§ Data provided
◆ ◆ ◆
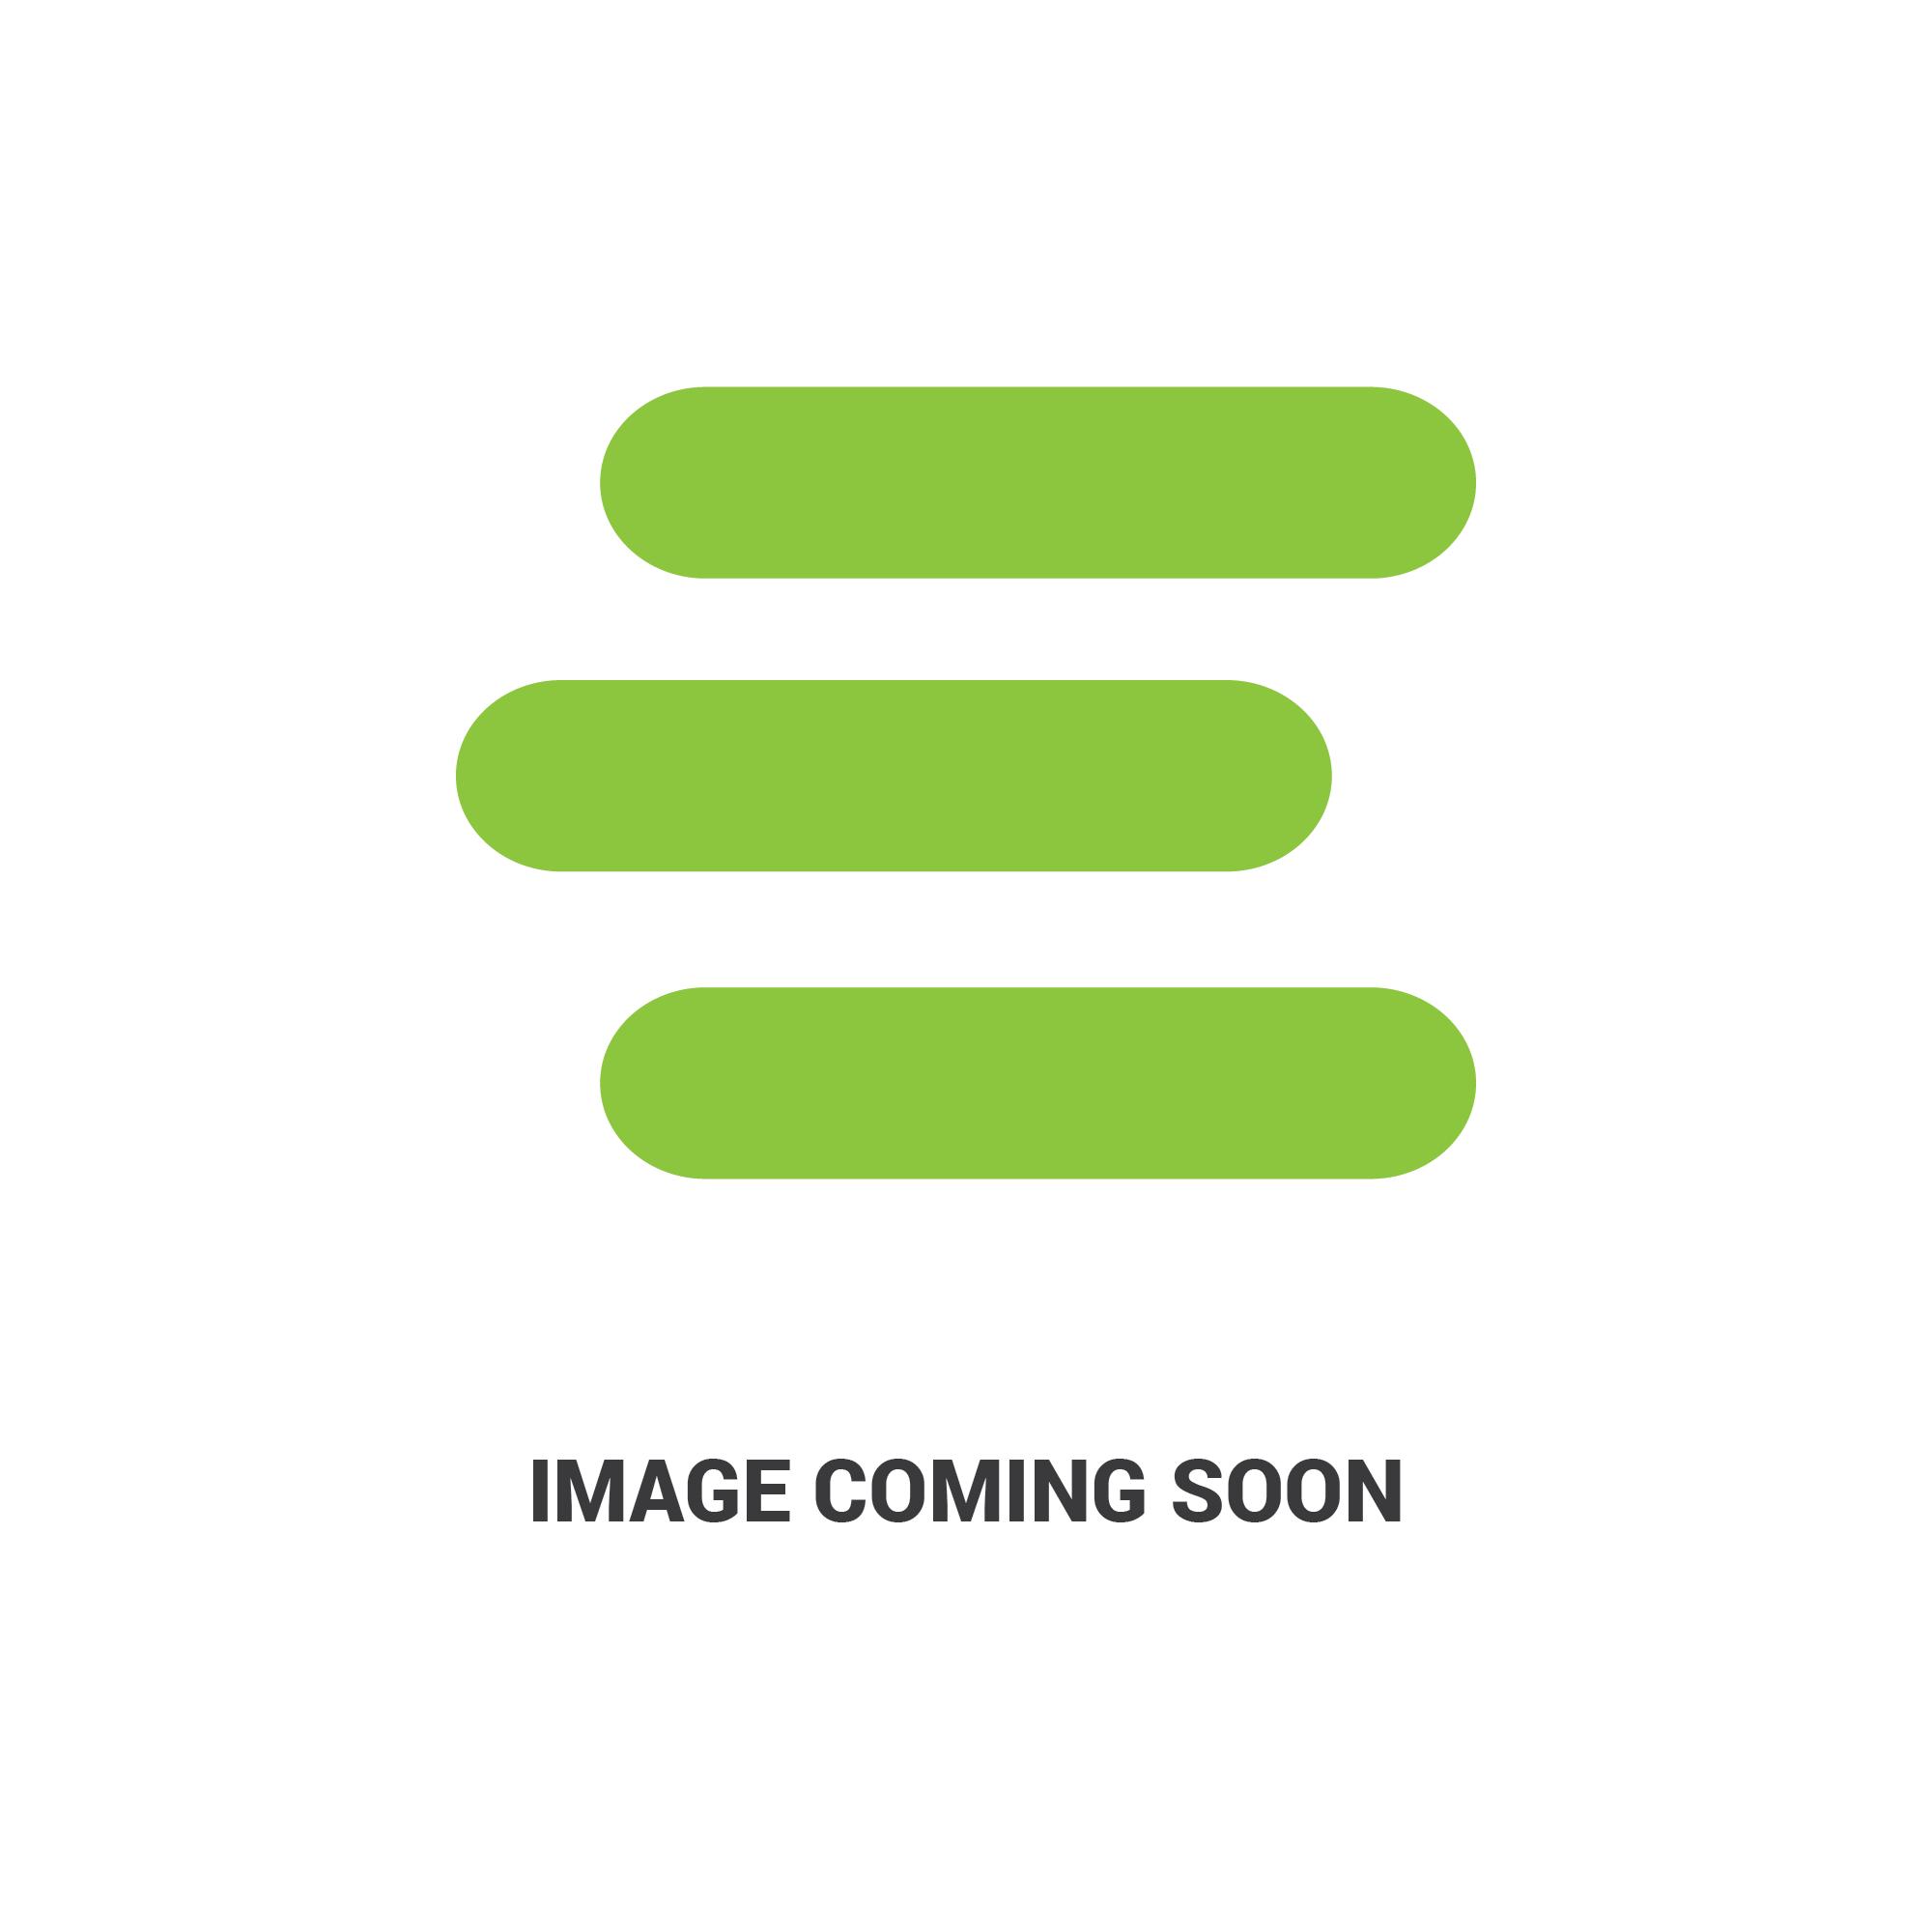 E-3J080-10870edit 1137.jpg
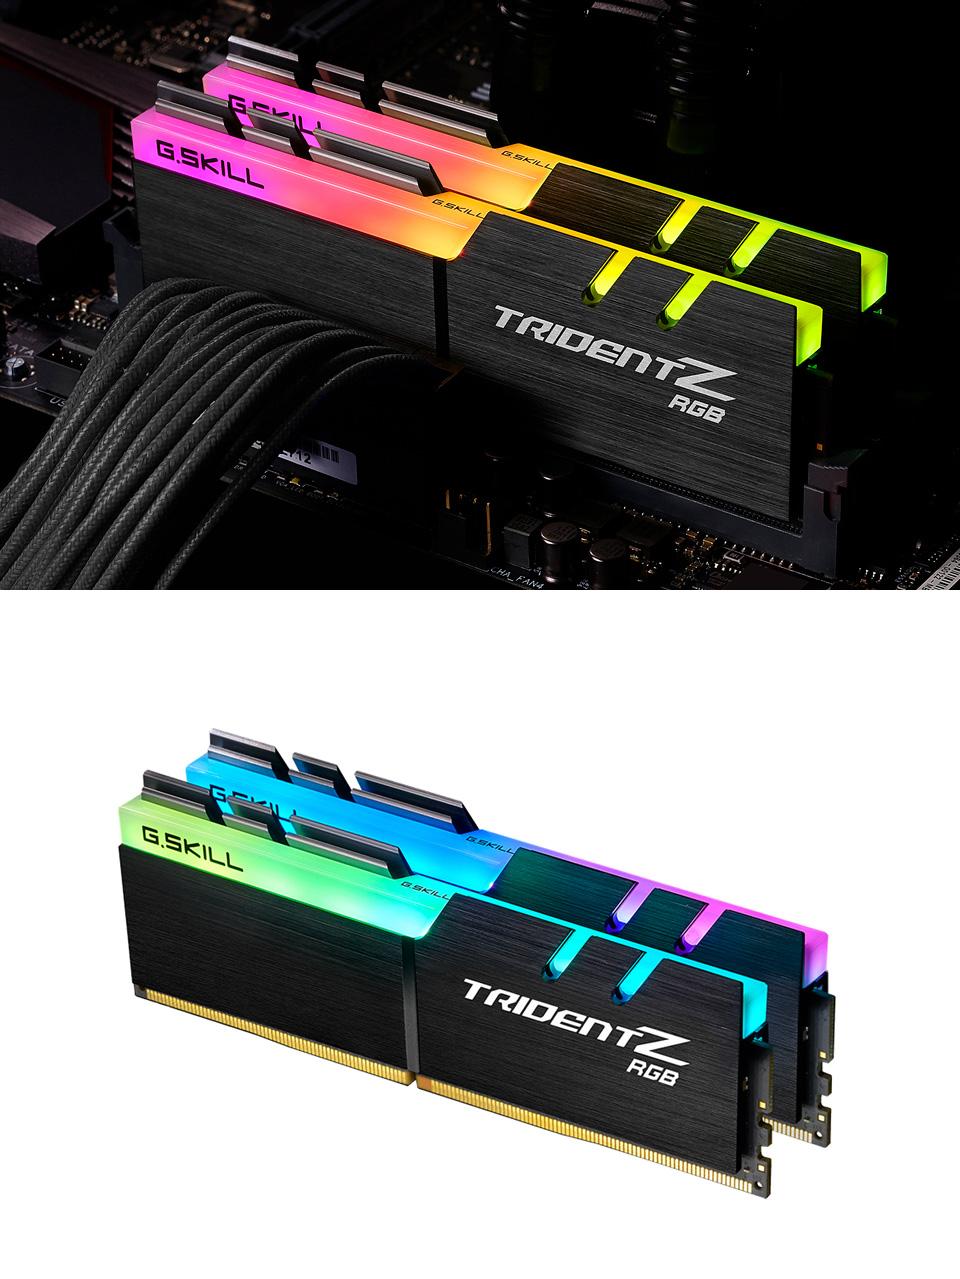 G.Skill Trident Z RGB F4-3600C18D-16GTZR 16GB (2x8GB) DDR4 product
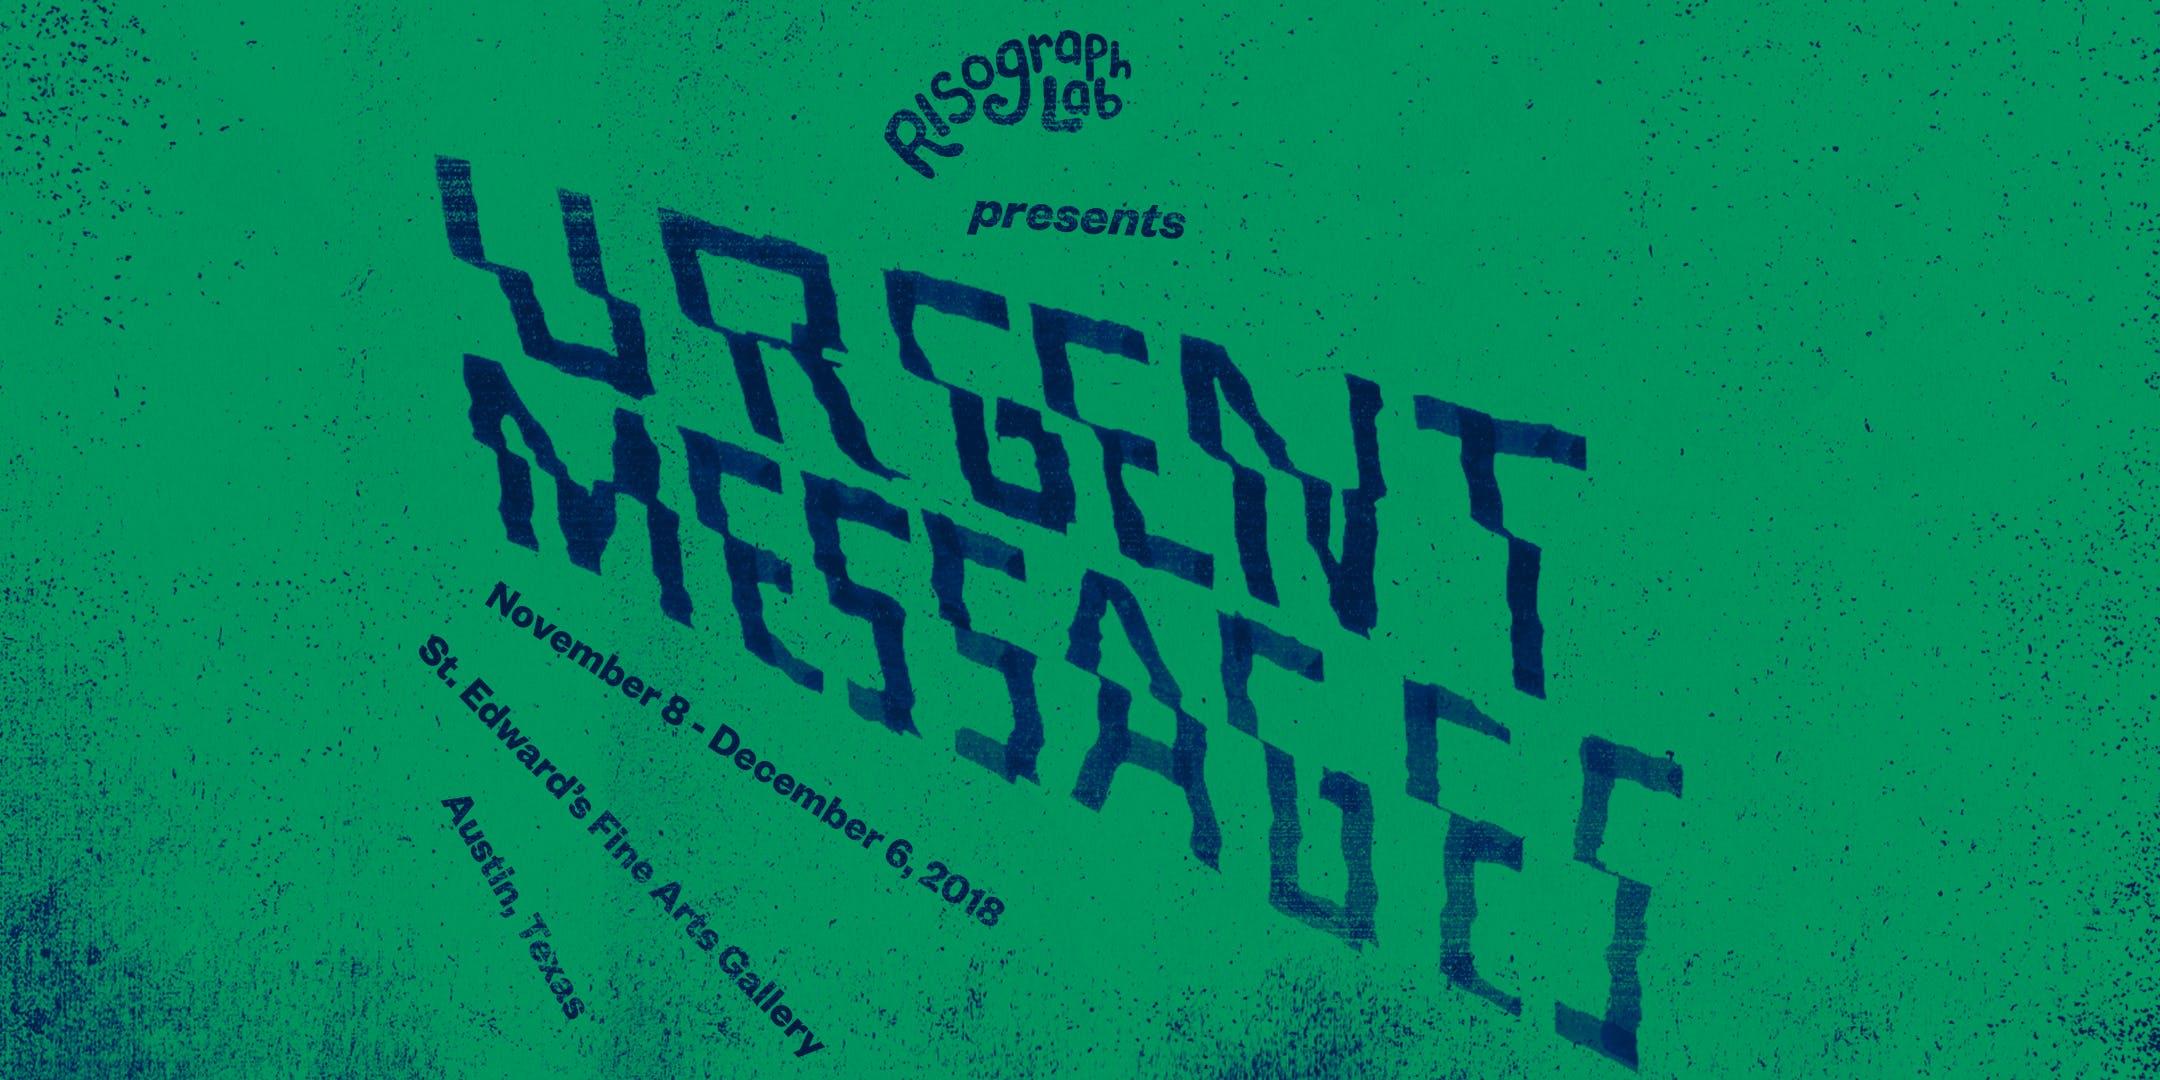 Risograph Poster Workshop: URGENT MESSAGES!
◆ ◆ ◆
§ Prompt
Everything in the data except the pictures needs to be written out exactly.

§ Exercise answer
 E-3J080-10870edit 1137.jpg
 G.Skill Trident Z RGB F4-3600C18D-16GTZR 16GB (2x8GB) DDR4 product
 Risograph Poster Workshop: URGENT MESSAGES!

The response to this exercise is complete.